■ Material shown:
_ _ _ _ _
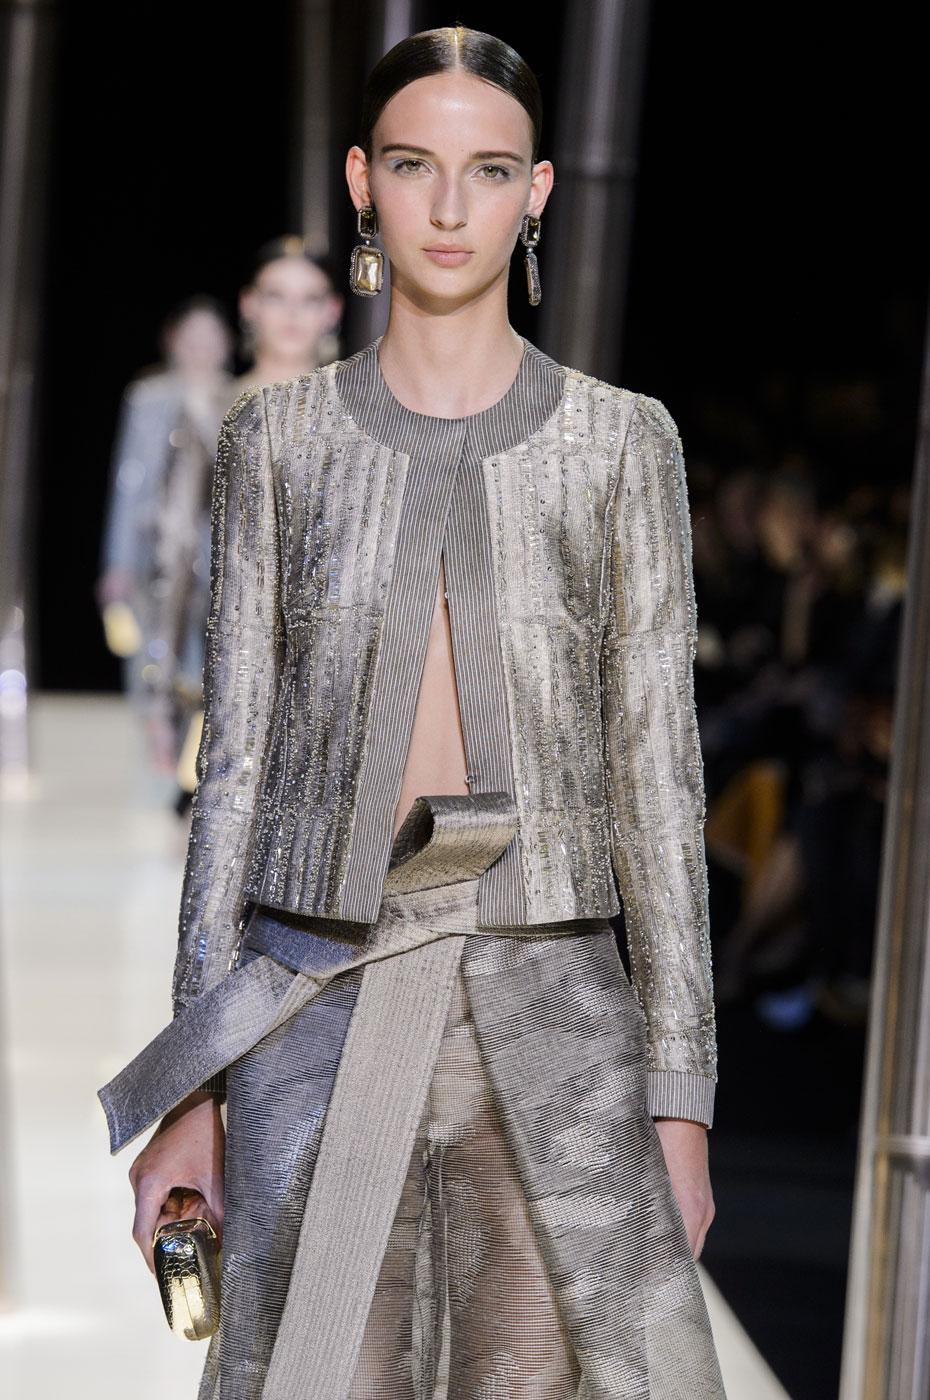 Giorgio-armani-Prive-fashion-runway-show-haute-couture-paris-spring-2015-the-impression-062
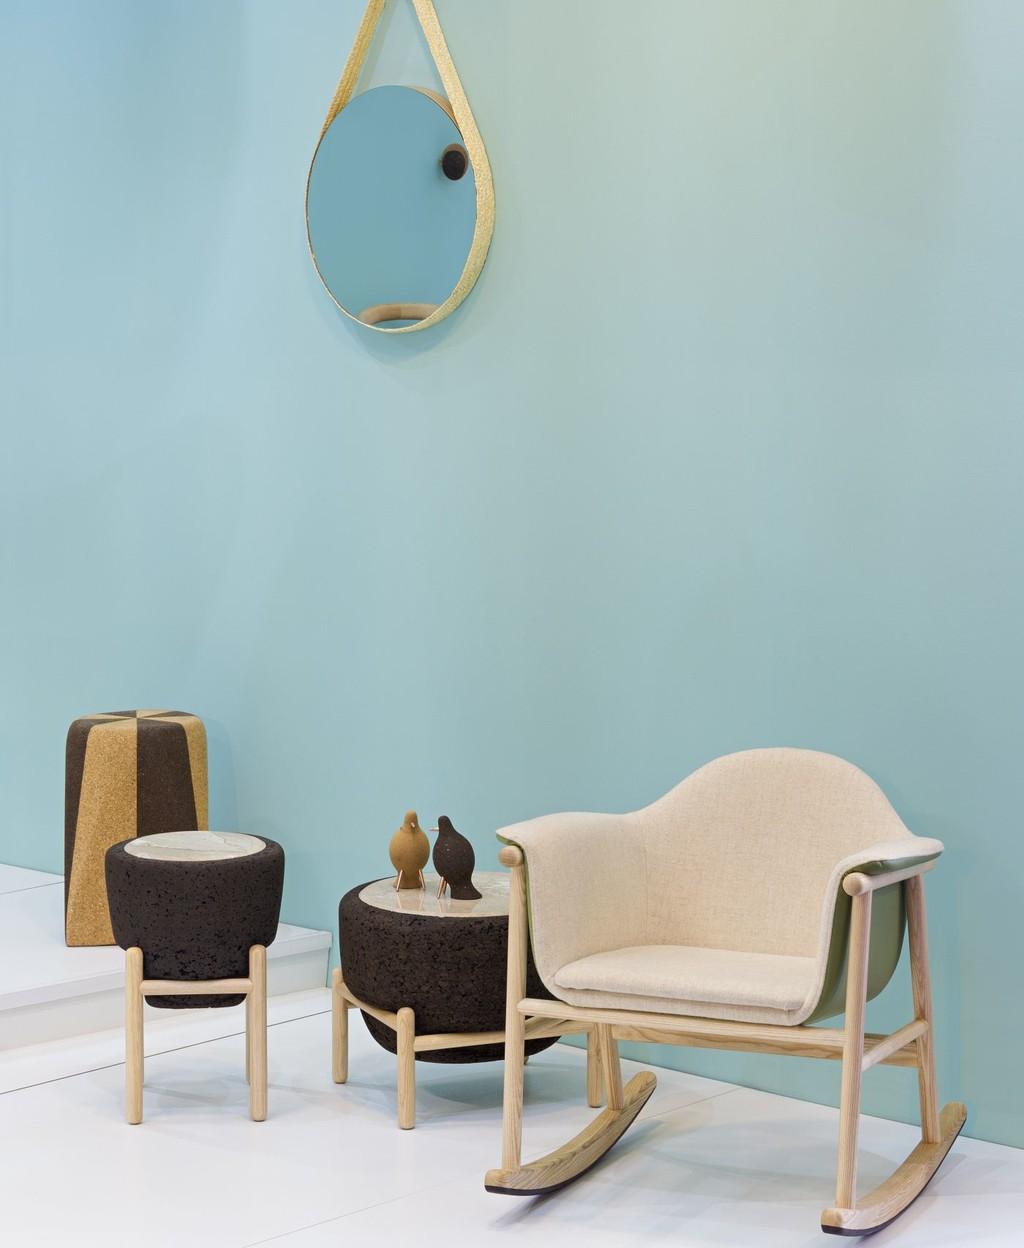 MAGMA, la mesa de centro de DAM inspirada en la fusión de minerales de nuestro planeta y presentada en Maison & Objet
_ _ _ _ _
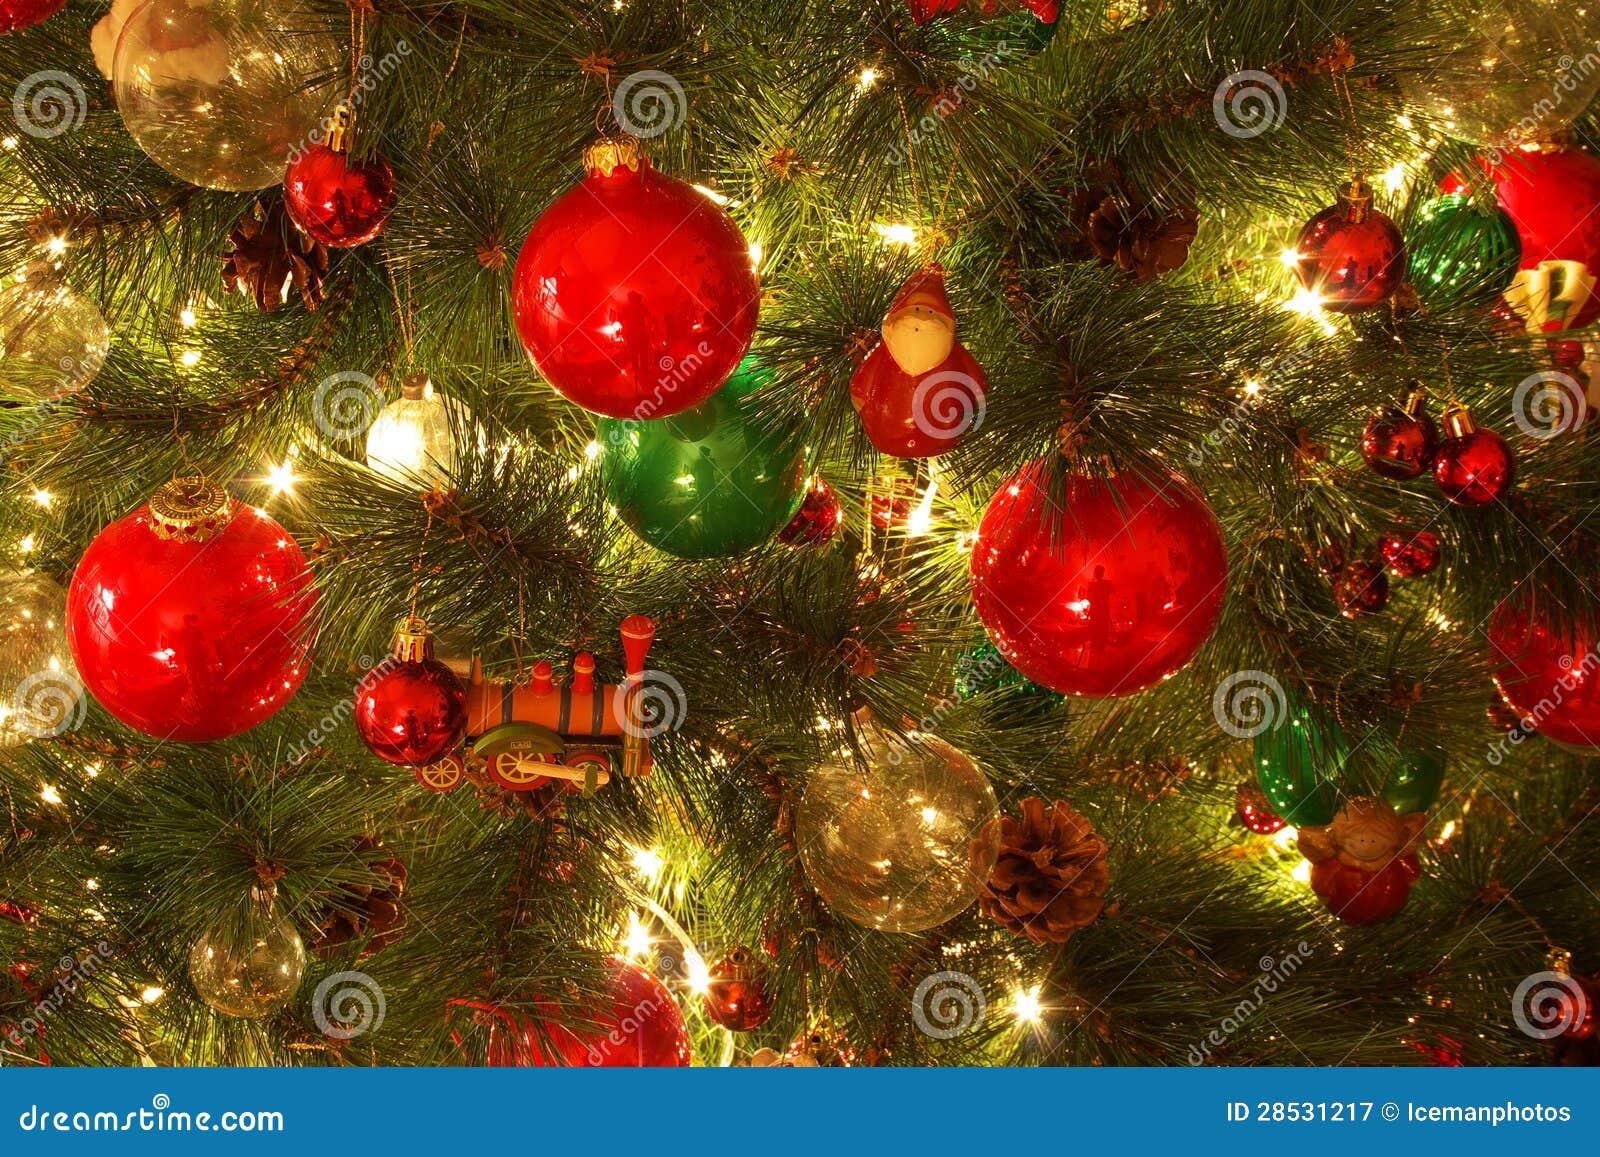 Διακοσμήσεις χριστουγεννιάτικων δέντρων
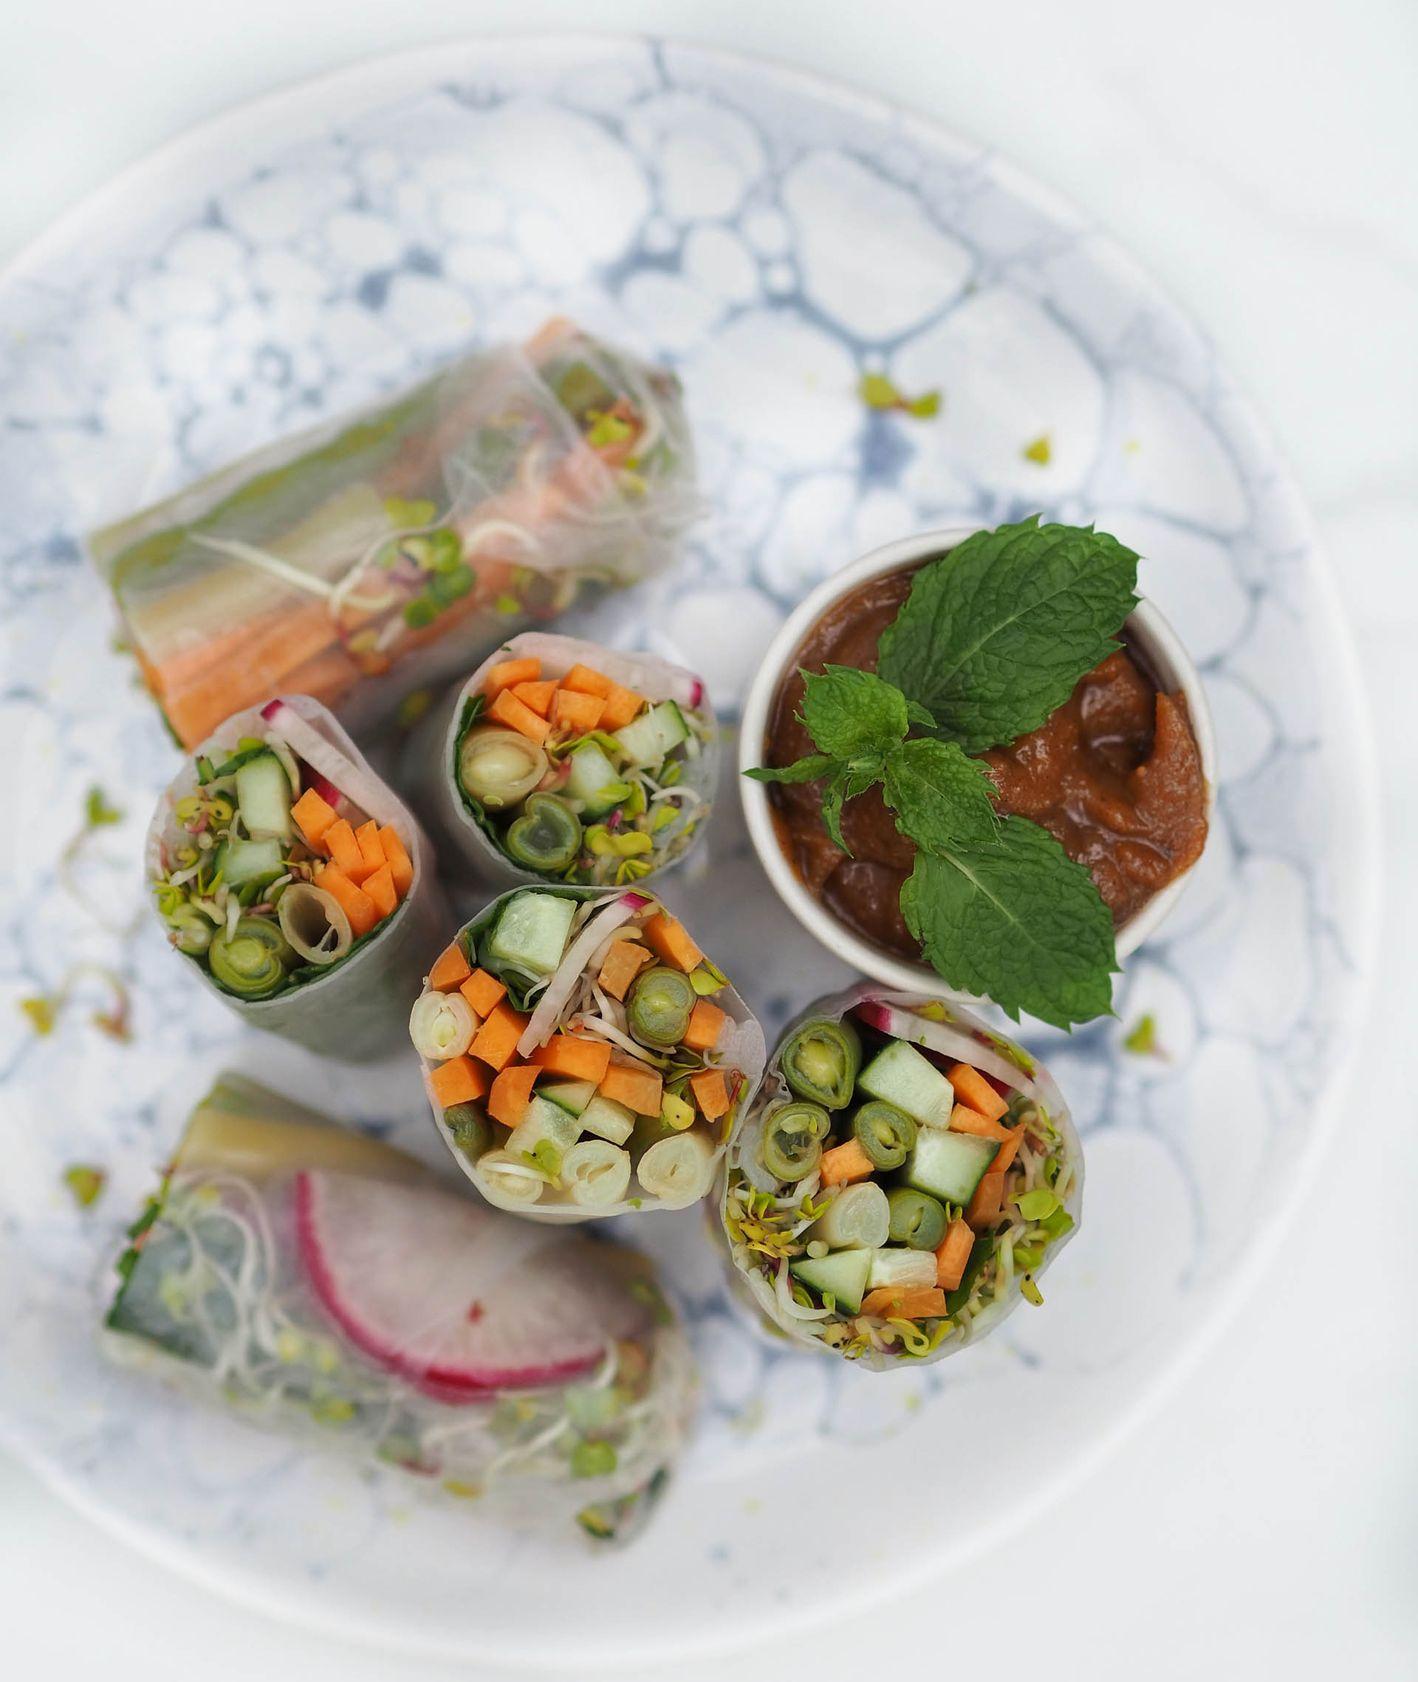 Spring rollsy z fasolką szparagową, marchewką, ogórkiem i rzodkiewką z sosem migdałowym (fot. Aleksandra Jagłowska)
_ _ _ _ _
■ What this task involves:
Your answer should be the exact lines above from the one containing "Διακοσμήσεις χριστουγεννιάτικων δέντρων" through the one containing "Spring rollsy z", with both end lines kept and the pictures removed, please.

■ Task response:
 Διακοσμήσεις χριστουγεννιάτικων δέντρων
 Spring rollsy z fasolką szparagową, marchewką, ogórkiem i rzodkiewką z sosem migdałowym (fot. Aleksandra Jagłowska)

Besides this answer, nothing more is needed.